Supplied information Start Marker

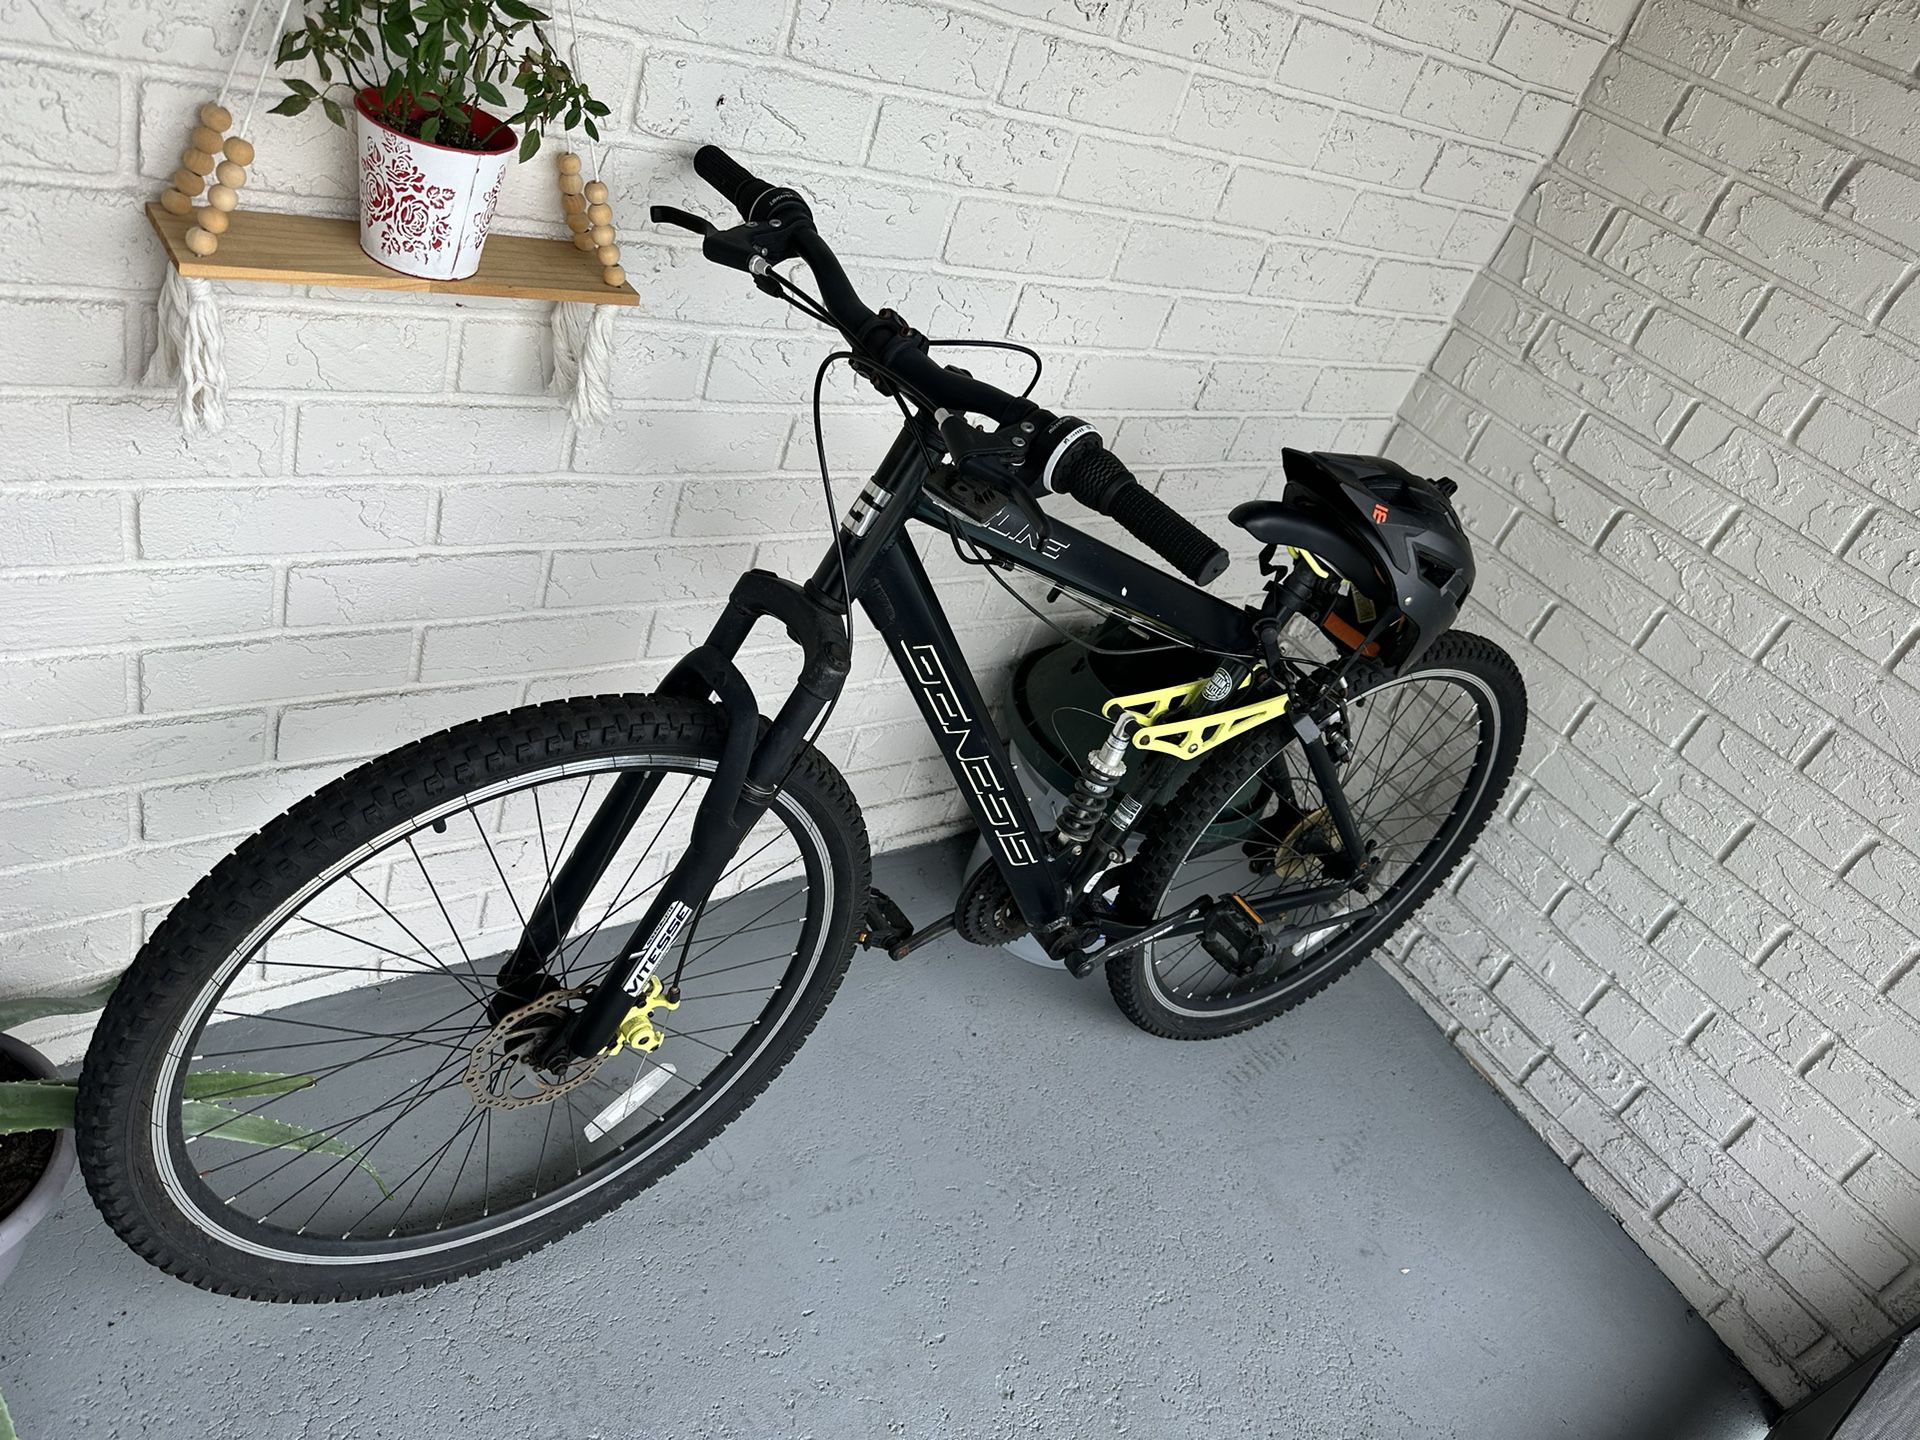 Bike 29 
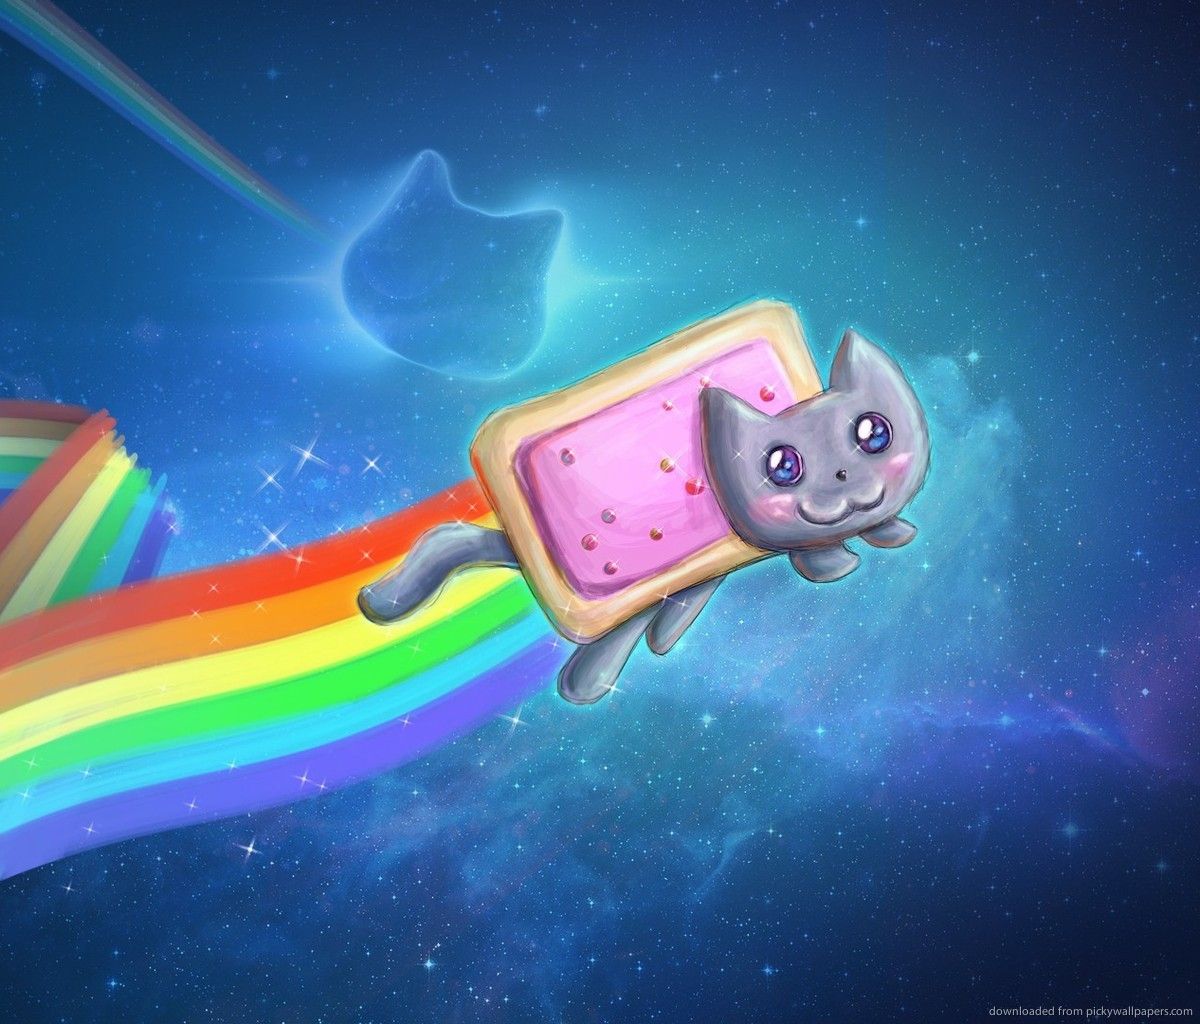 Nyan Cat cool art wallpaper. Nyan cat, Rainbow
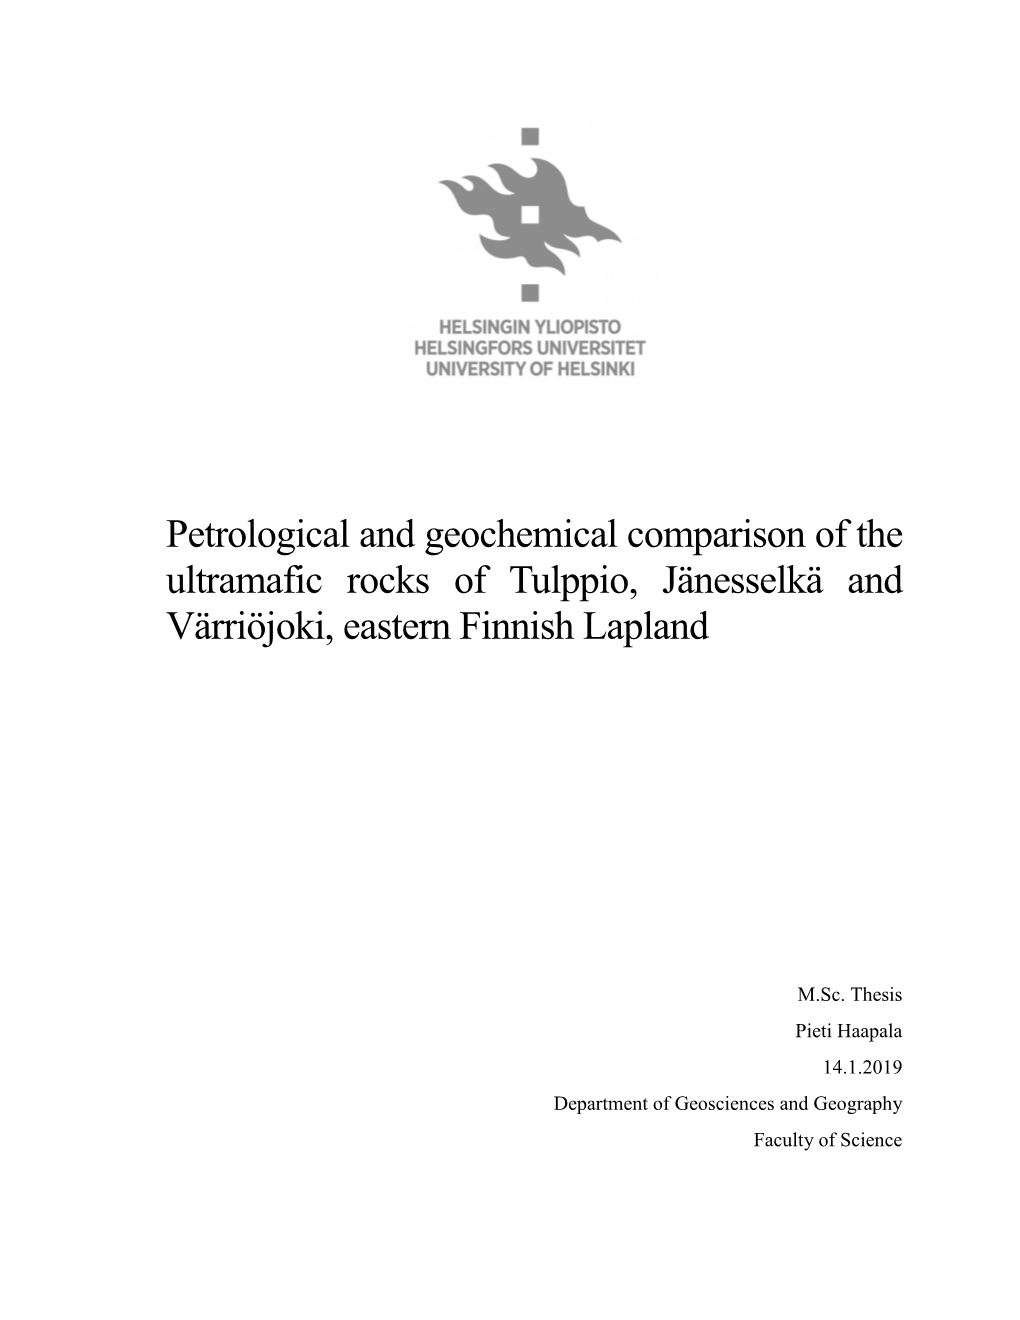 Petrological and Geochemical Comparison of the Ultramafic Rocks of Tulppio, Jänesselkä and Värriöjoki, Eastern Finnish Lapland
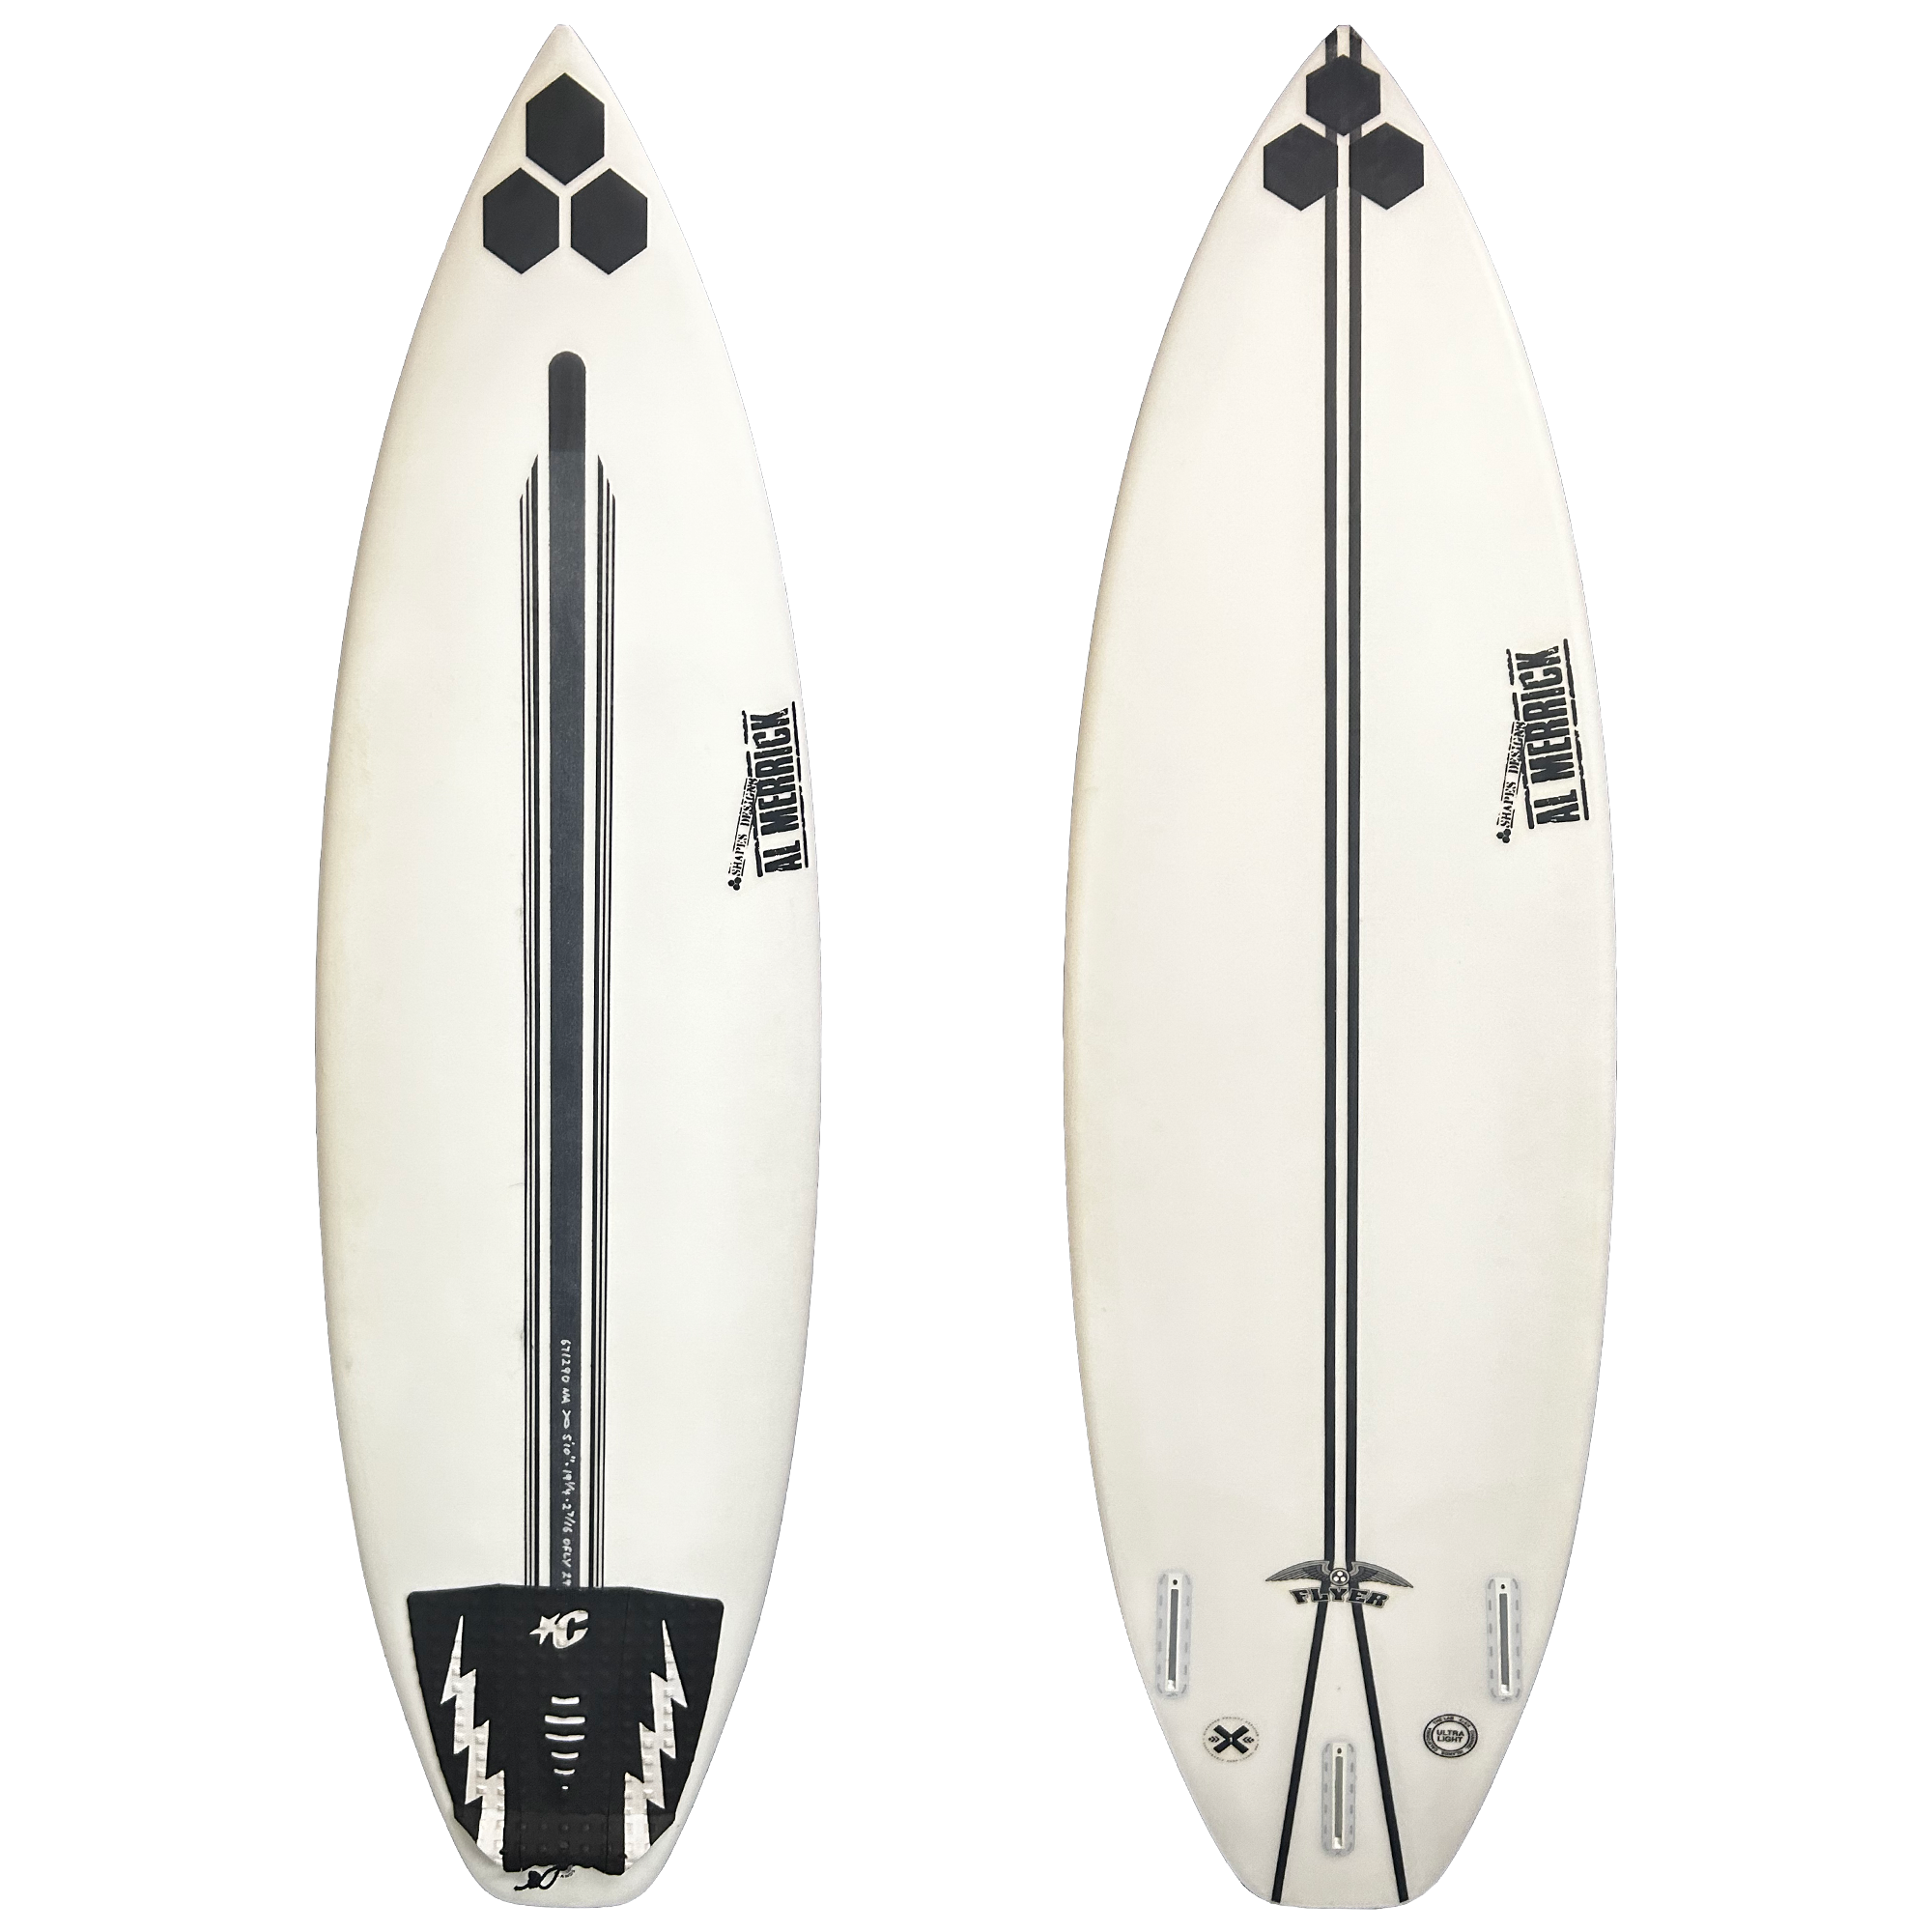 Channel Islands OG Flyer 5'10 Used Surfboard

Supplied information End Marker

## Work instruction
The data above should be repeated exactly, minus any pictures.

## Response to this task
 Bike 29 
 Nyan Cat cool art wallpaper. Nyan cat, Rainbow
 Petrological and Geochemical Comparison of the Ultramafic Rocks of Tulppio, Jänesselkä and Värriöjoki, Eastern Finnish Lapland
 Channel Islands OG Flyer 5'10 Used Surfboard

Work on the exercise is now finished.